Understanding parameterization is crucial as it transforms complex geometries into manageable calculations.

Tangent Vector

The tangent vector plays a vital role in mechanics and calculus when dealing with parameterized curves. Intuitively, it gives us the direction in which the path is proceeding at any point. Mathematically, the tangent vector is obtained by differentiating the parameterized path with respect to its parameter \( t \).

In this exercise, after parameterizing each side of the square, the tangent vector \( \mathbf{r'}_i(t) \) is calculated for each side, representing the direction and rate of change of the path. For example, for the right side of our square, the tangent vector is \( \mathbf{r'}_1(t) = (0, -1) \).

• The tangent vector helps in expressing differentials \( dx \) and \( dy \) as products involving \( dt \), essential in calculating line integrals.
• Each tangent vector shows how the path is oriented, making it easier to understand and visualize the movement along the path.
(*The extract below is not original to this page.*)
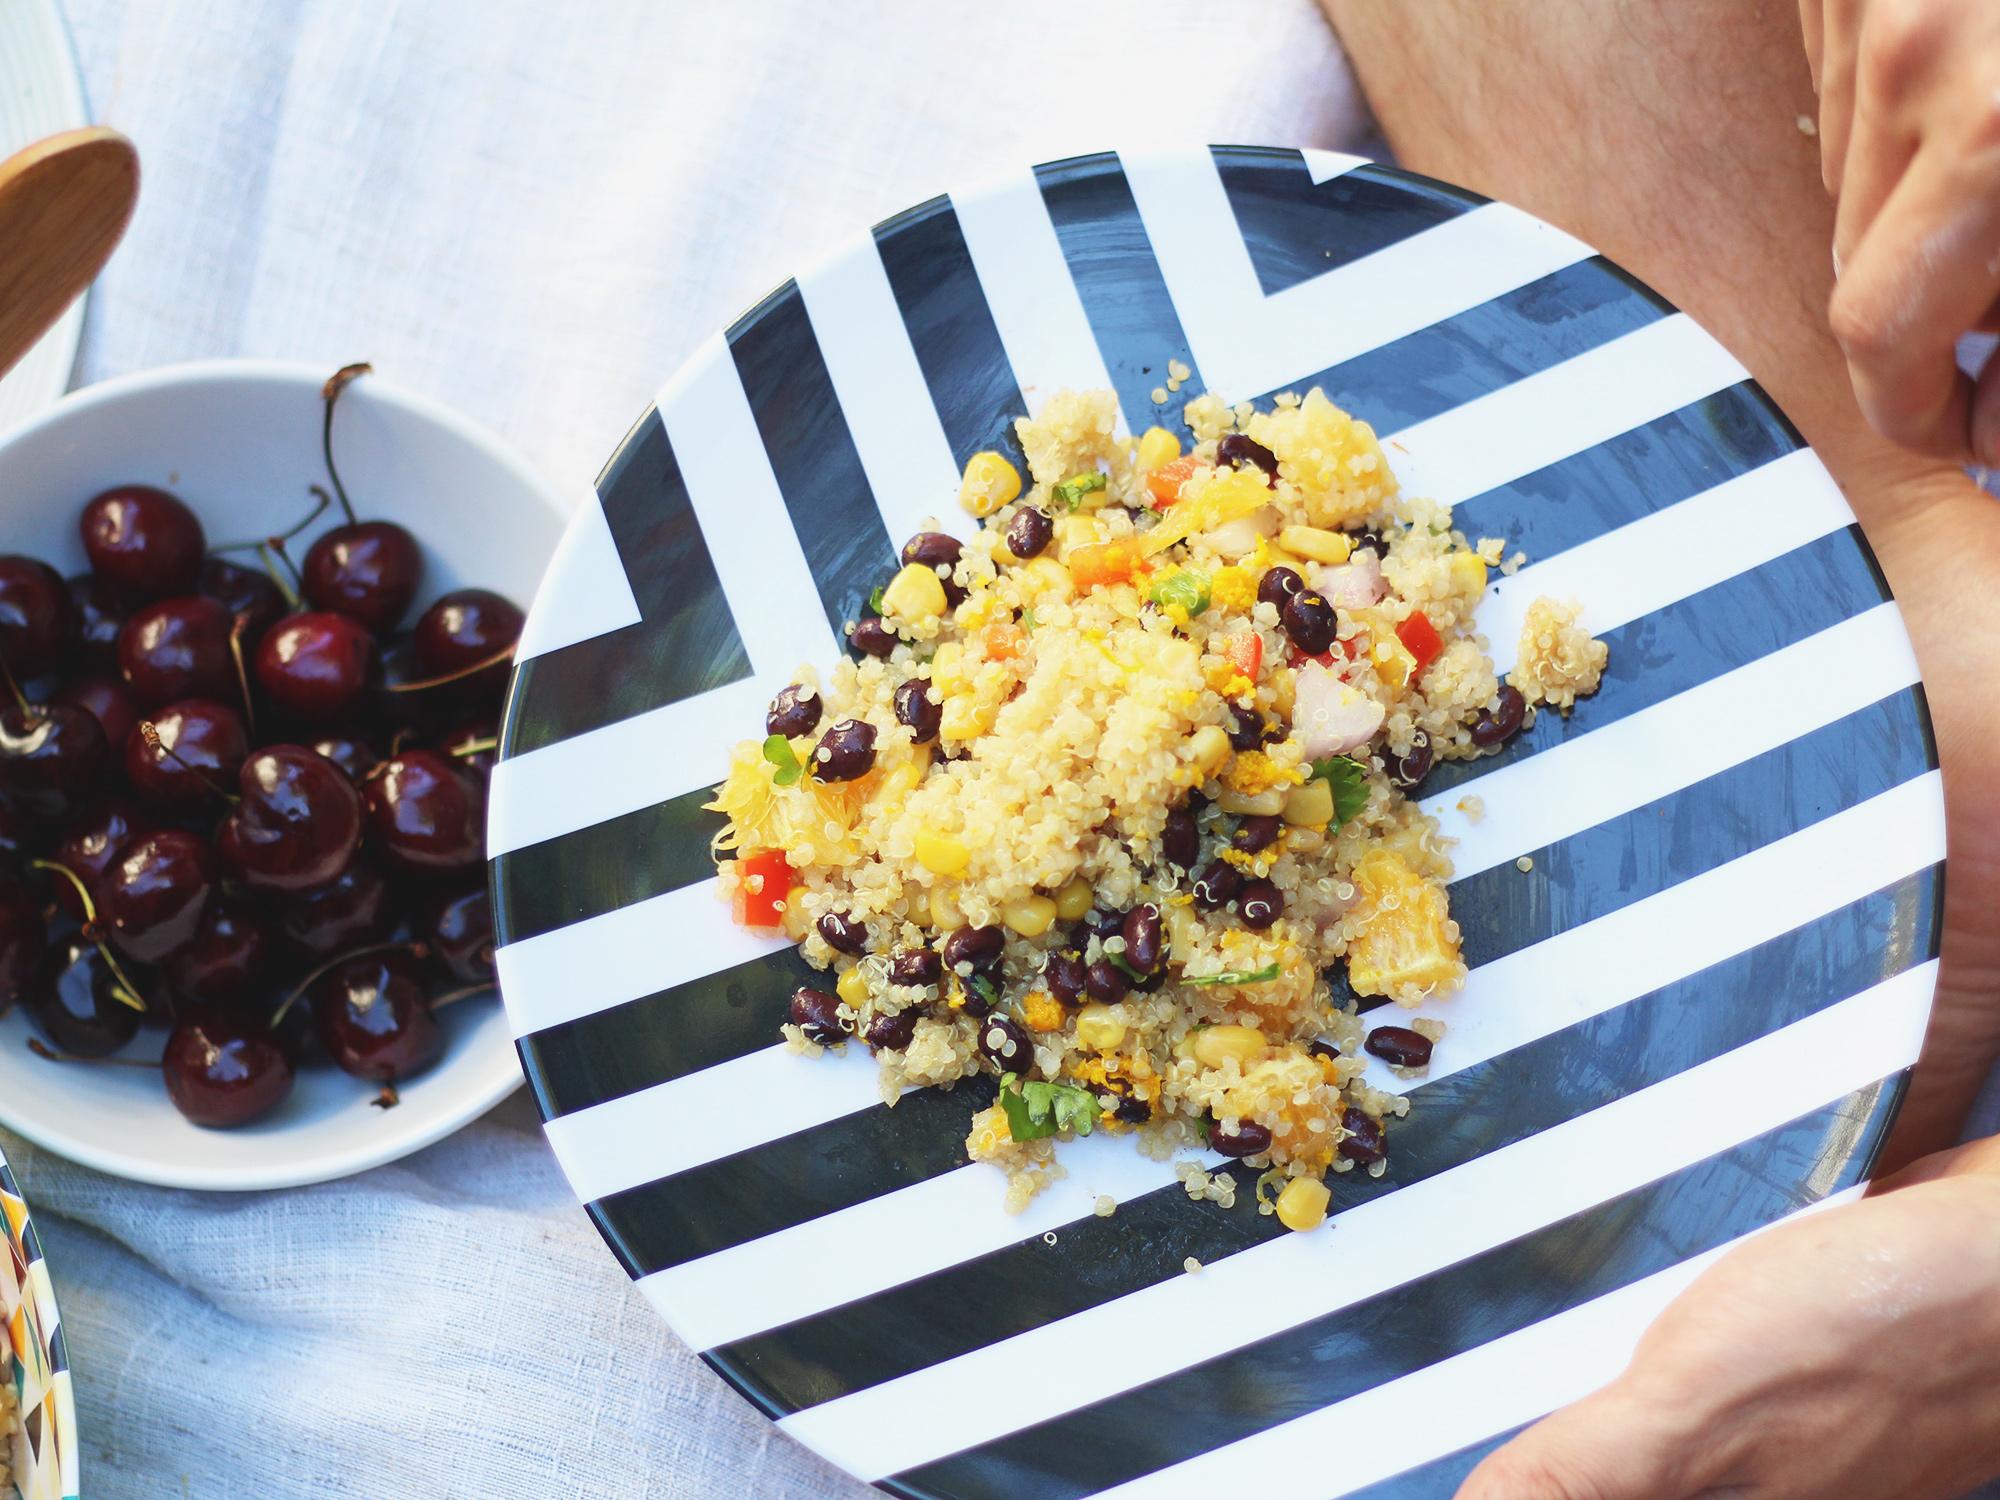 Delicious Black Bean & Quinoa Salad

Essentially, tangent vectors illuminate how curves flow, paving the way for more complex integral evaluations.

Curl of a Vector Field

The curl of a vector field provides insights into the rotational properties of the field. It is a vector operation denoted by \( abla \times \mathbf{F} \), measuring the infinitesimal rotation at a point. For a field \( \mathbf{F} = \langle P, Q \rangle \), the curl is computed as \( \frac{\partial Q}{\partial x} - \frac{\partial P}{\partial y} \).
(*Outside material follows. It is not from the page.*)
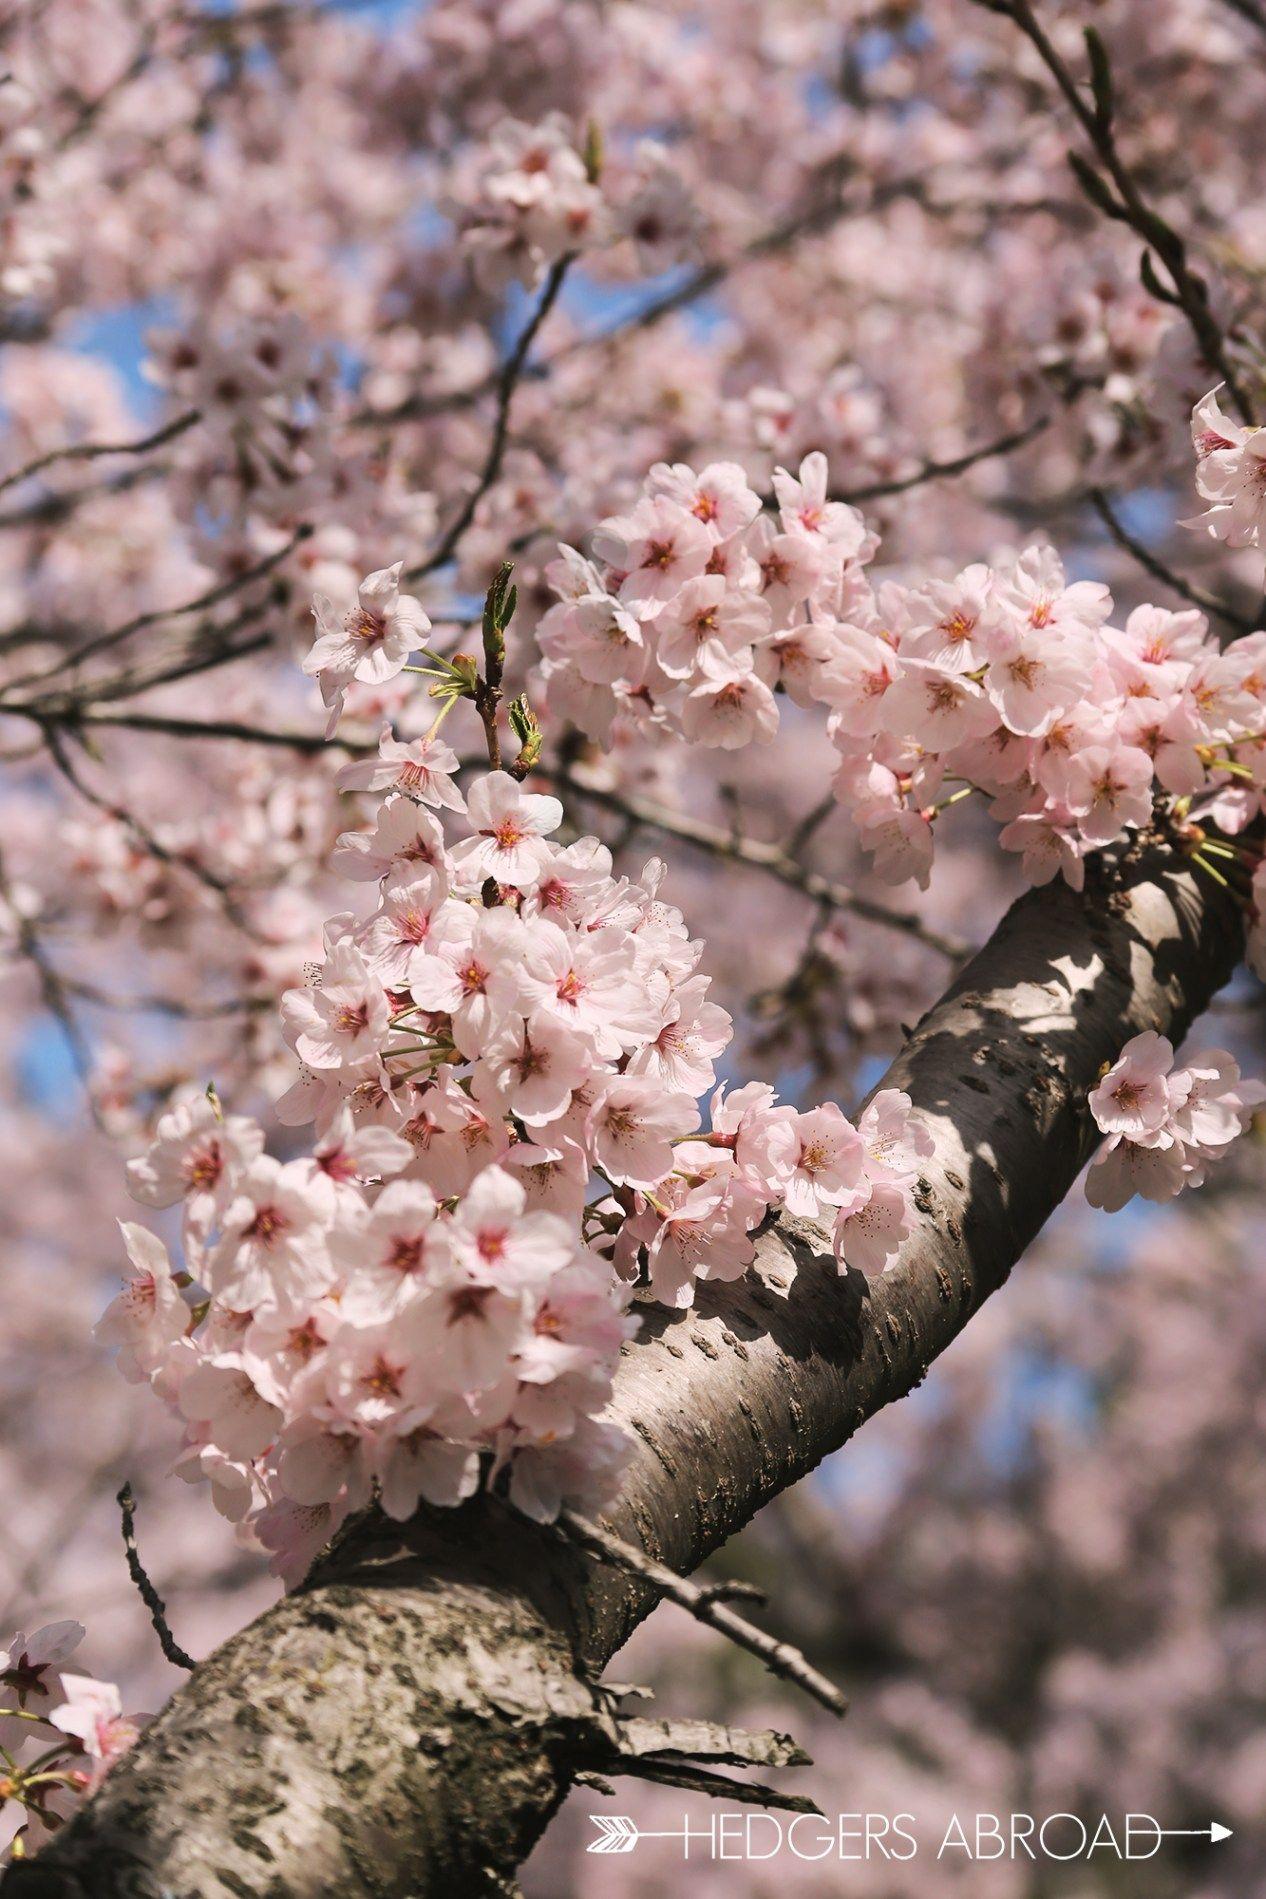 How To See The Hwagae Cherry Blossom Festival Hedgers Abroad Cherry Blossom Festival Cherry Blossom Season Flower Festival

In problems involving line integrals and vector fields, noting the conditions where the curl is zero can greatly simplify calculations. In this particular exercise, the equality \( \frac{\partial P}{\partial y} = \frac{\partial Q}{\partial x} \) ensures that the curl of the vector field is zero.

• A zero curl implies the lack of rotation in the field, which can provide direct solutions in certain integral problems.
• This observation simplifies integral computations and adheres to broader theorems, such as Green's Theorem.
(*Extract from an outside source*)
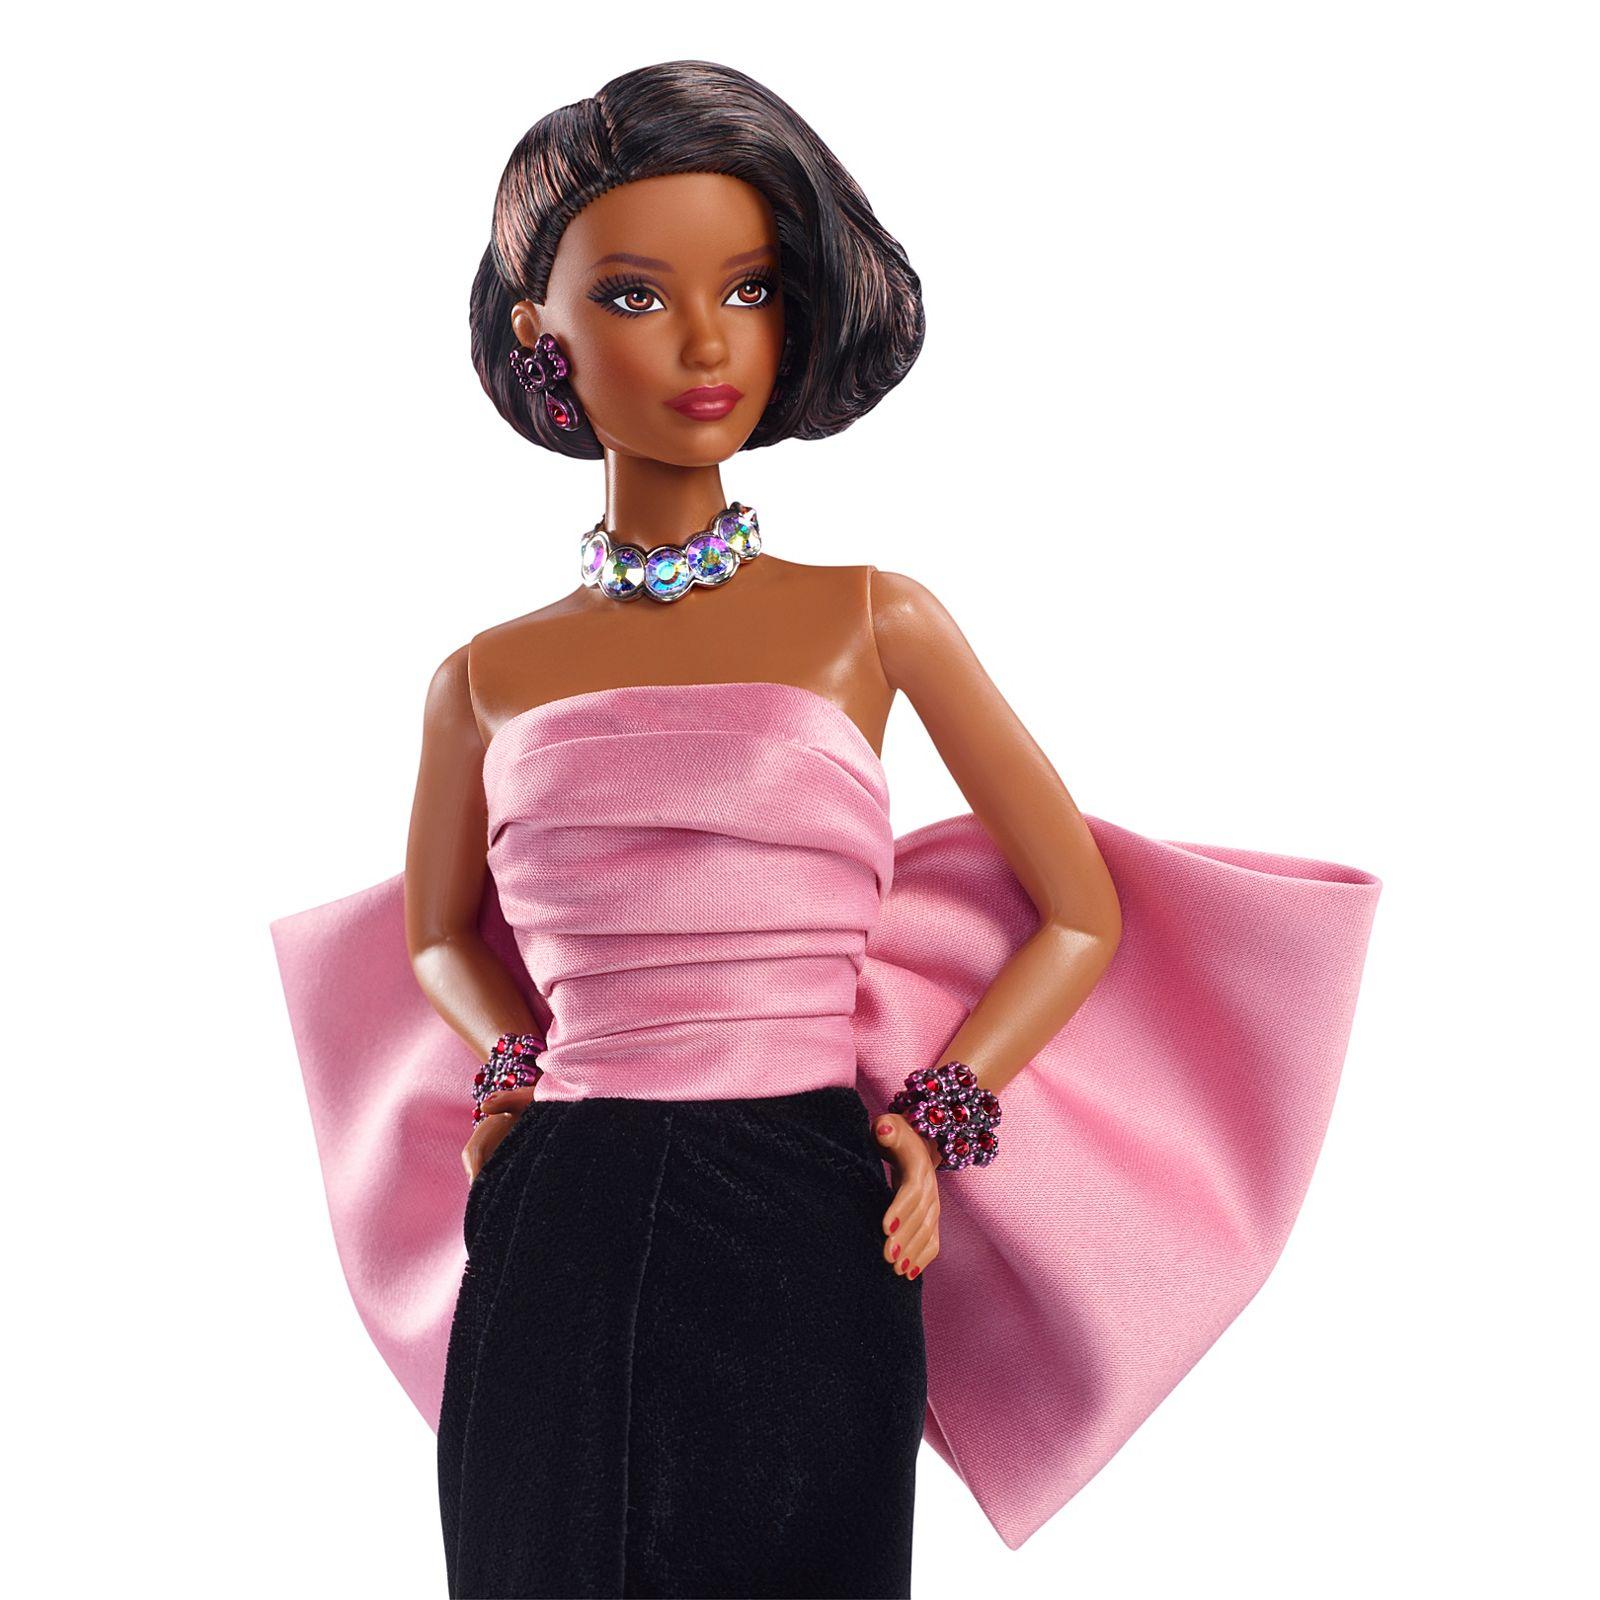 c753f5b856b11 Yves Saint-Laurent — The Fashion Doll Chronicles — Fashion Doll ...

Understanding curl is important as it helps diagnose the behavior of vector fields, its tendency to rotate, and links it to integral evaluations over closed paths.

Green's Theorem

Green's Theorem is a fundamental theorem in vector calculus that provides a connection between a line integral around a simple closed curve and a double integral over the region it encloses. The theorem is formally stated as:

\[ \oint_{C} P \, dx + Q \, dy = \iint_{R} \left( \frac{\partial Q}{\partial x} - \frac{\partial P}{\partial y} \right) \, dA \] where \( C \) is the closed curve, and \( R \) is the region bounded by \( C \).

In this problem, the use of Green's Theorem is clearly justified because the curl of the vector field, as discussed earlier, is zero (\( \frac{\partial P}{\partial y} = \frac{\partial Q}{\partial x} \)). Therefore, the right-hand side of the theorem disappears, simplifying the evaluation of the line integral to zero.

• Green's Theorem leverages simple calculations to evaluate complex line integrals by reducing them to double integrals.
• In situations where the integrand's expressions exhibit certain symmetries or special conditions, the theorem can drastically simplify computations.

Learning Green's Theorem equips one with a formidable tool for converting challenging line integrals into more manageable double integrals over a region.